◆ WORK INSTRUCTION ◆
Copy the complete listing word for word, but do not carry over any images.

◆ DATASET SECTION ◆
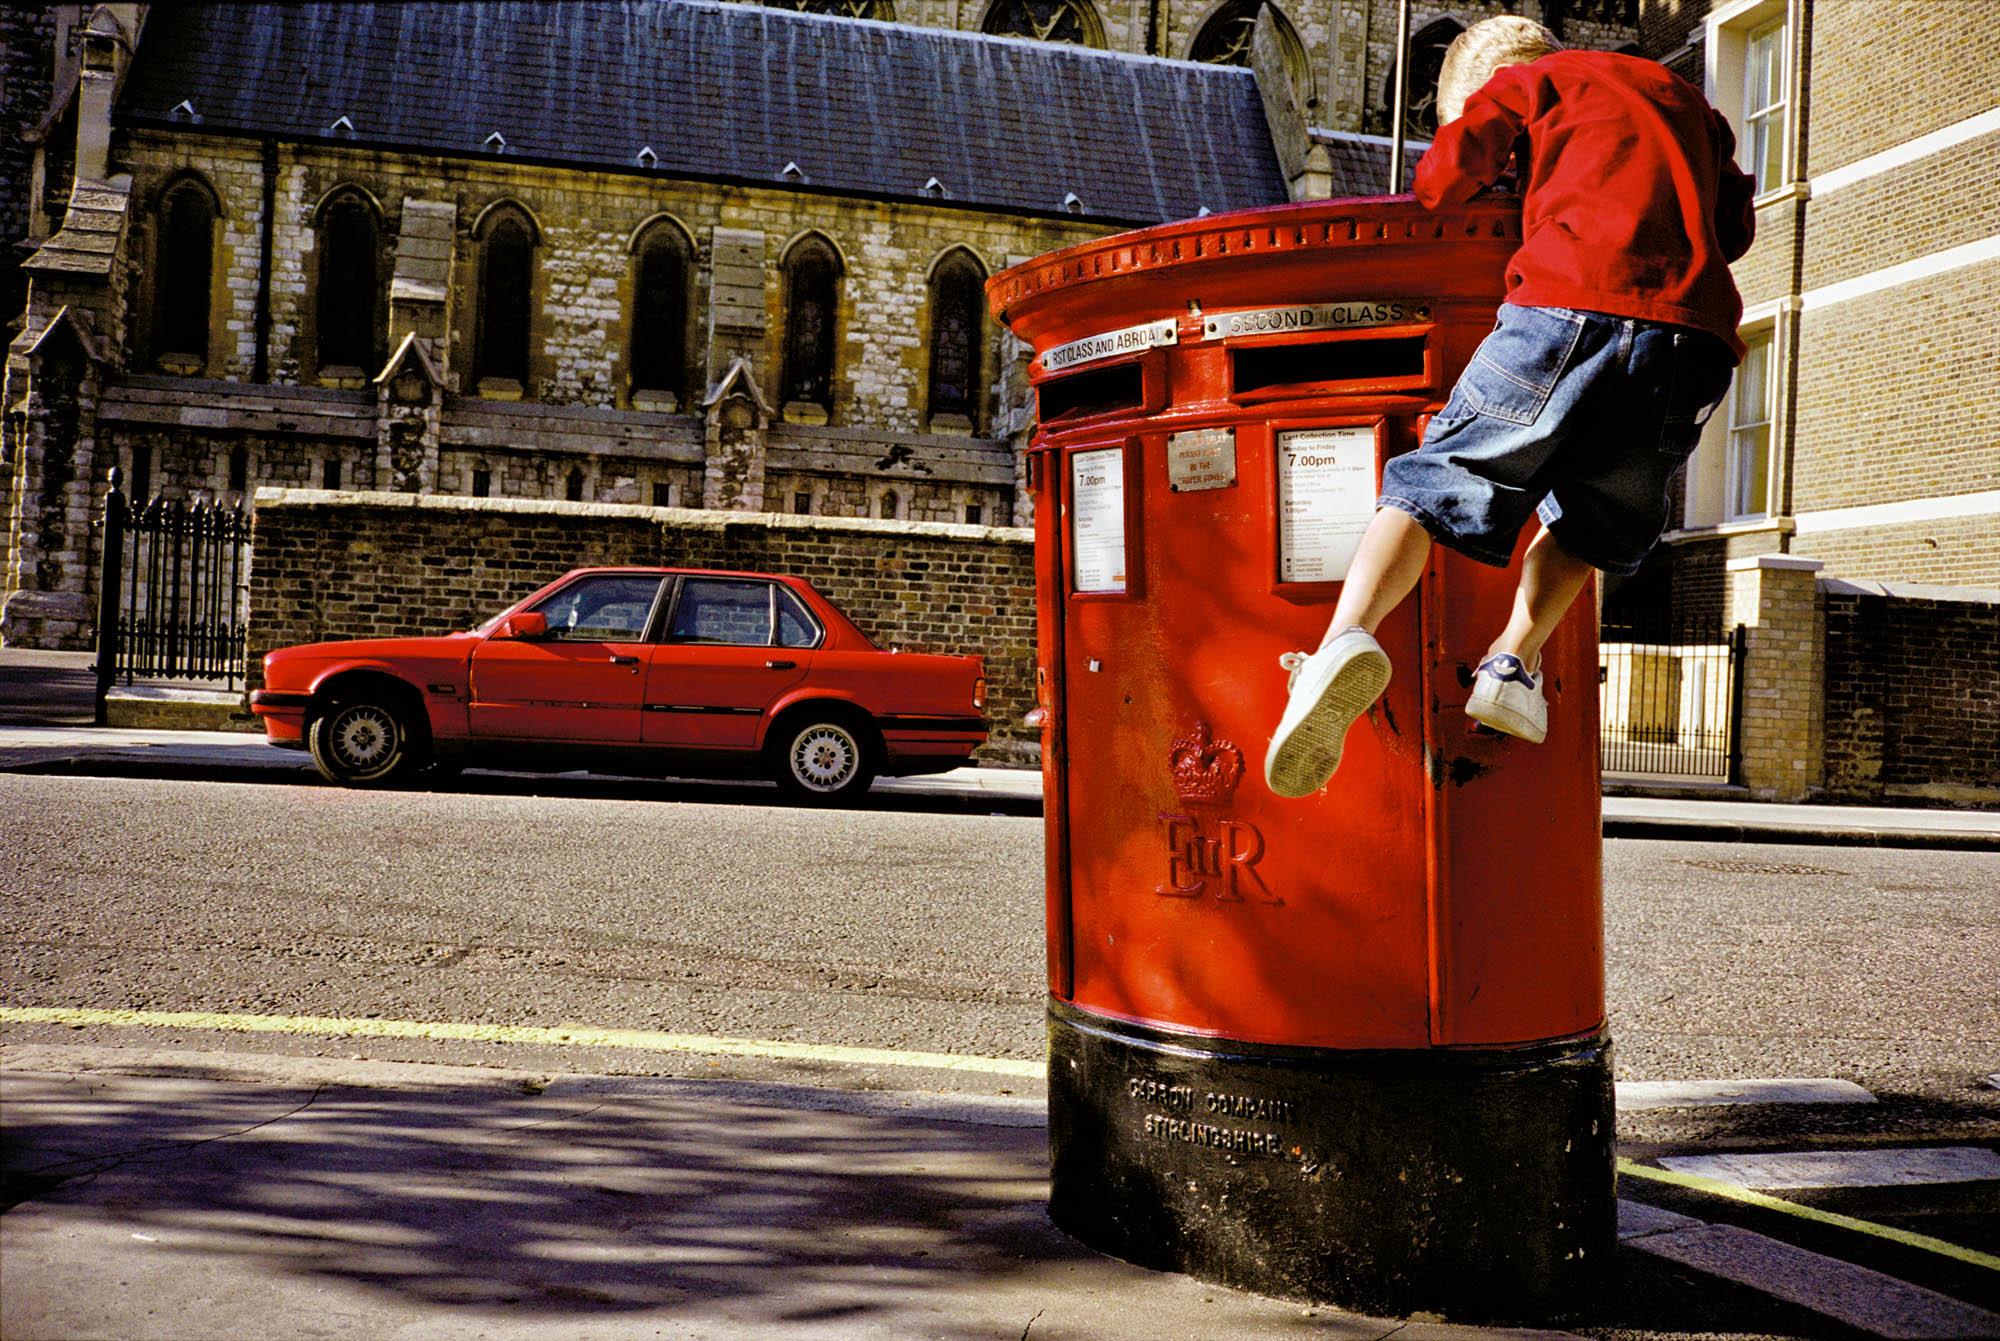 Photo London 2016: Street Photography Focus
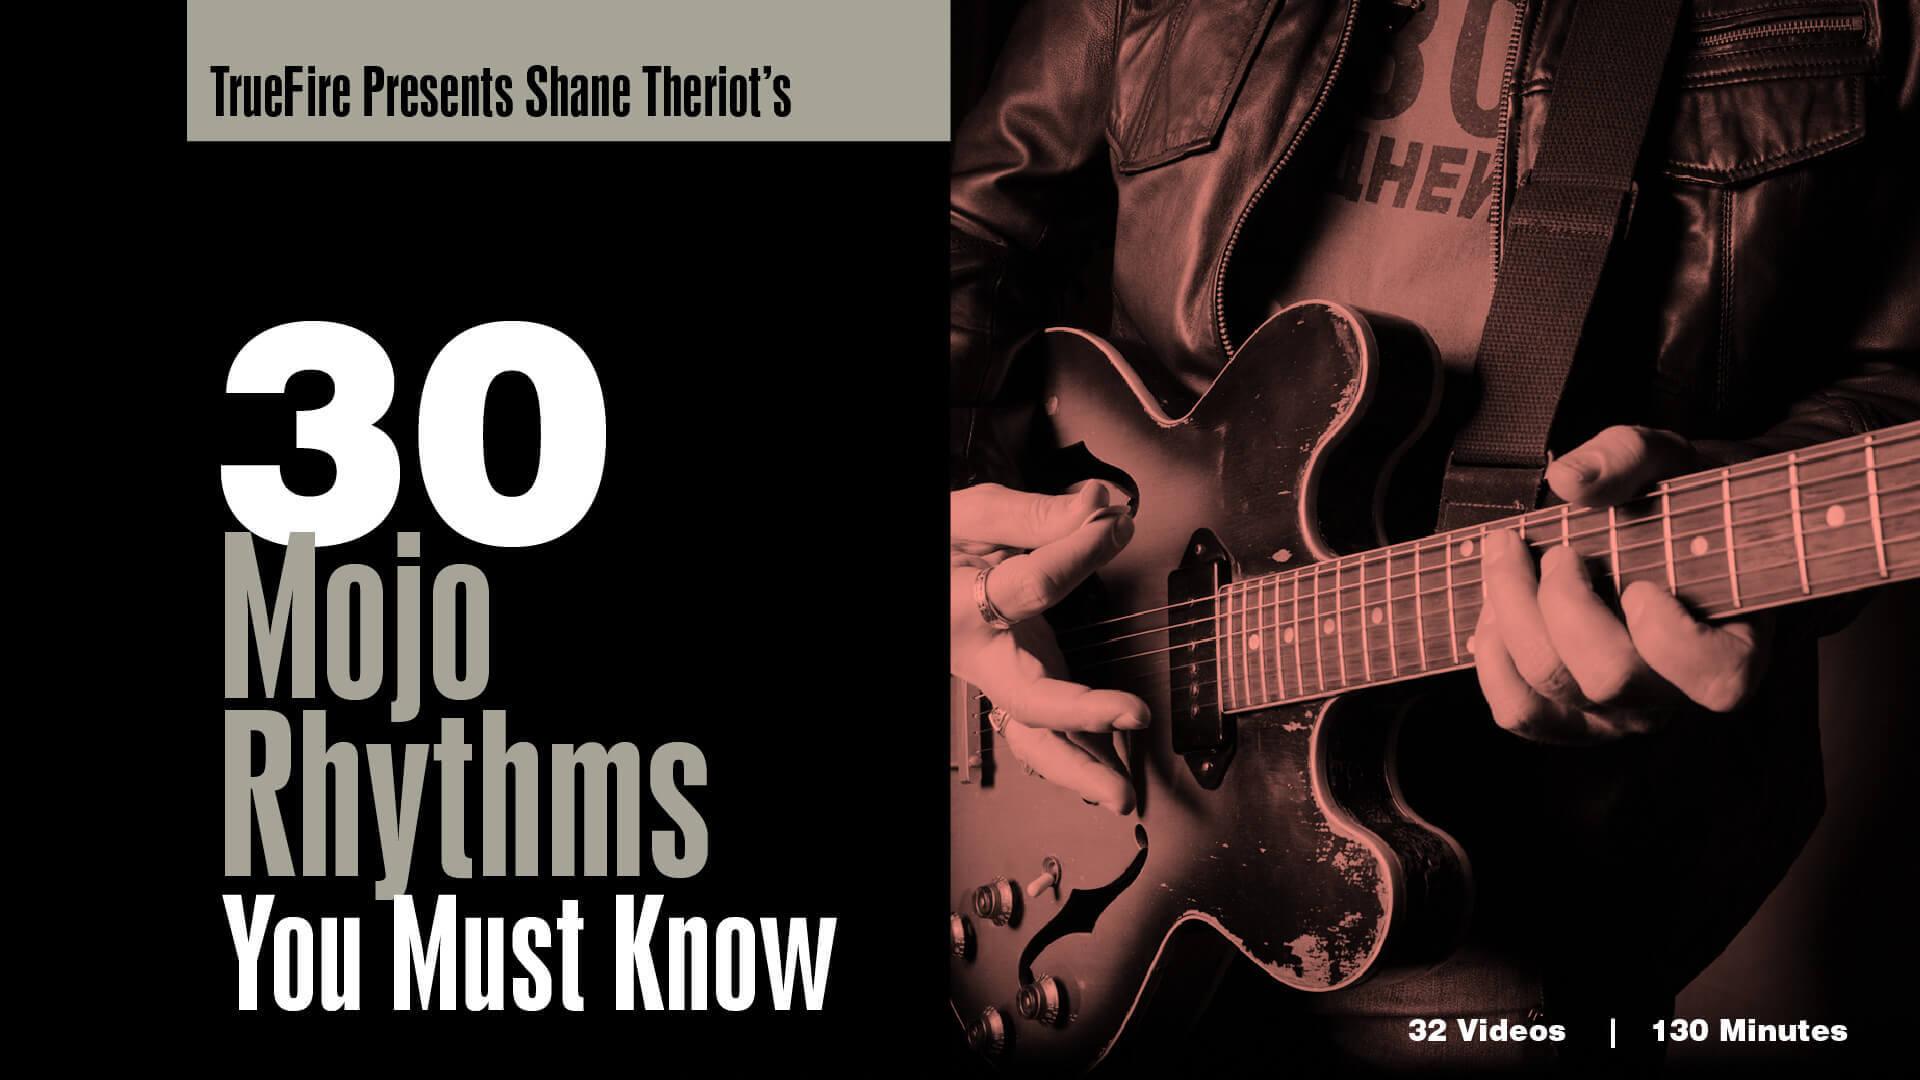 30 Mojo Rhythms Guitar Lessons Shane Theriot Truefire
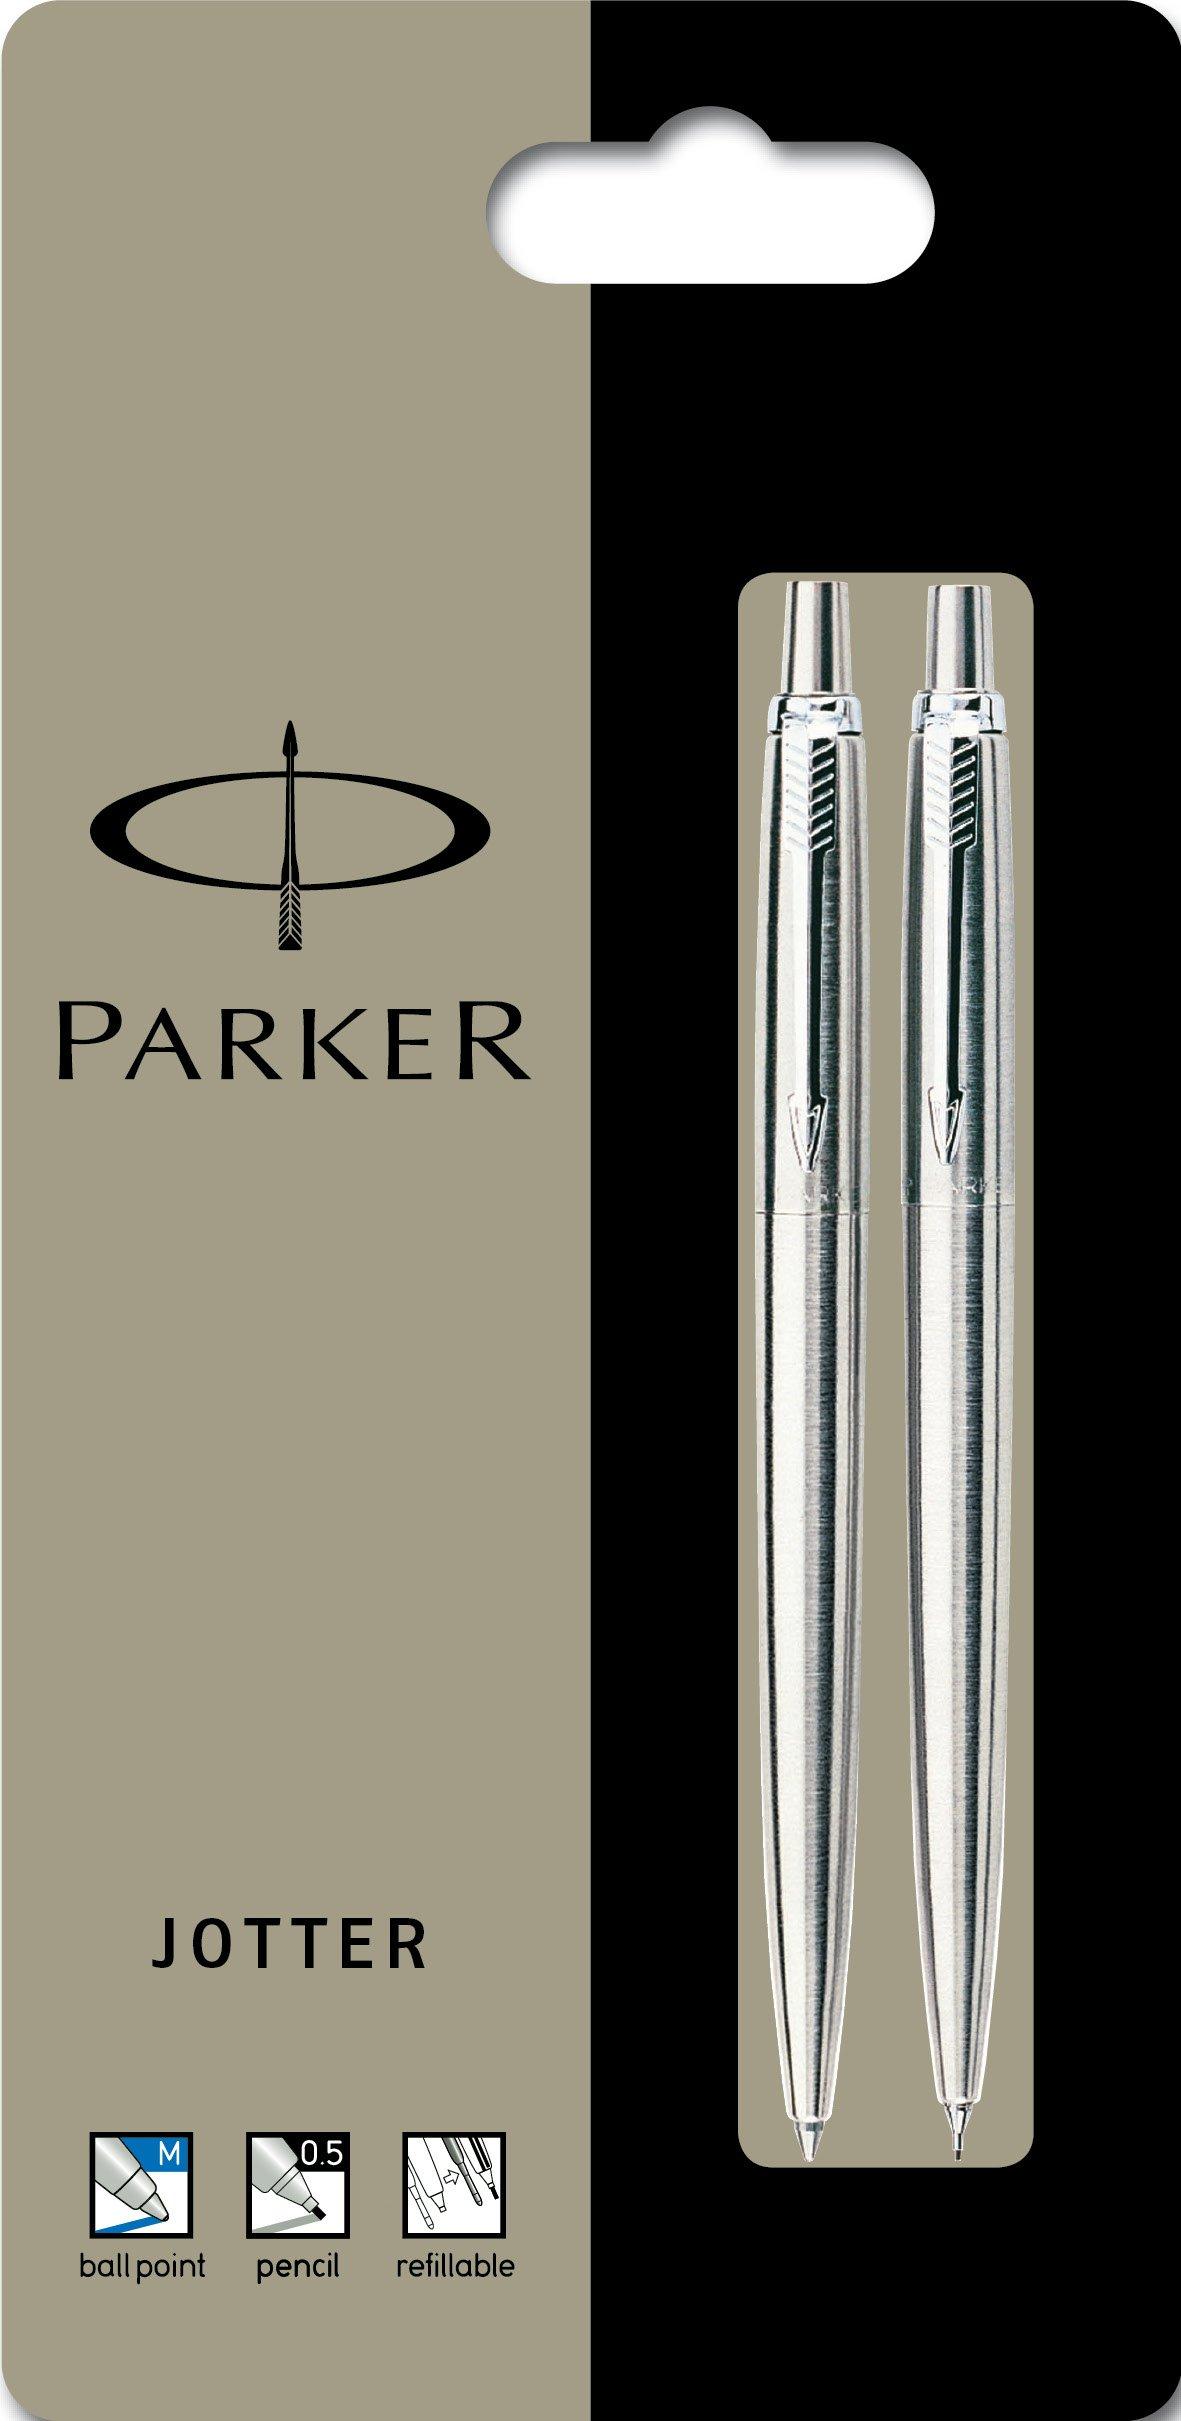 Parker Jotter Stainless Steel Chrome Trim Ball Pen & Mechanical Pencil - Set of 2

◆ RESULT OF THE TASK ◆
 Photo London 2016: Street Photography Focus
 30 Mojo Rhythms Guitar Lessons Shane Theriot Truefire
 Parker Jotter Stainless Steel Chrome Trim Ball Pen & Mechanical Pencil - Set of 2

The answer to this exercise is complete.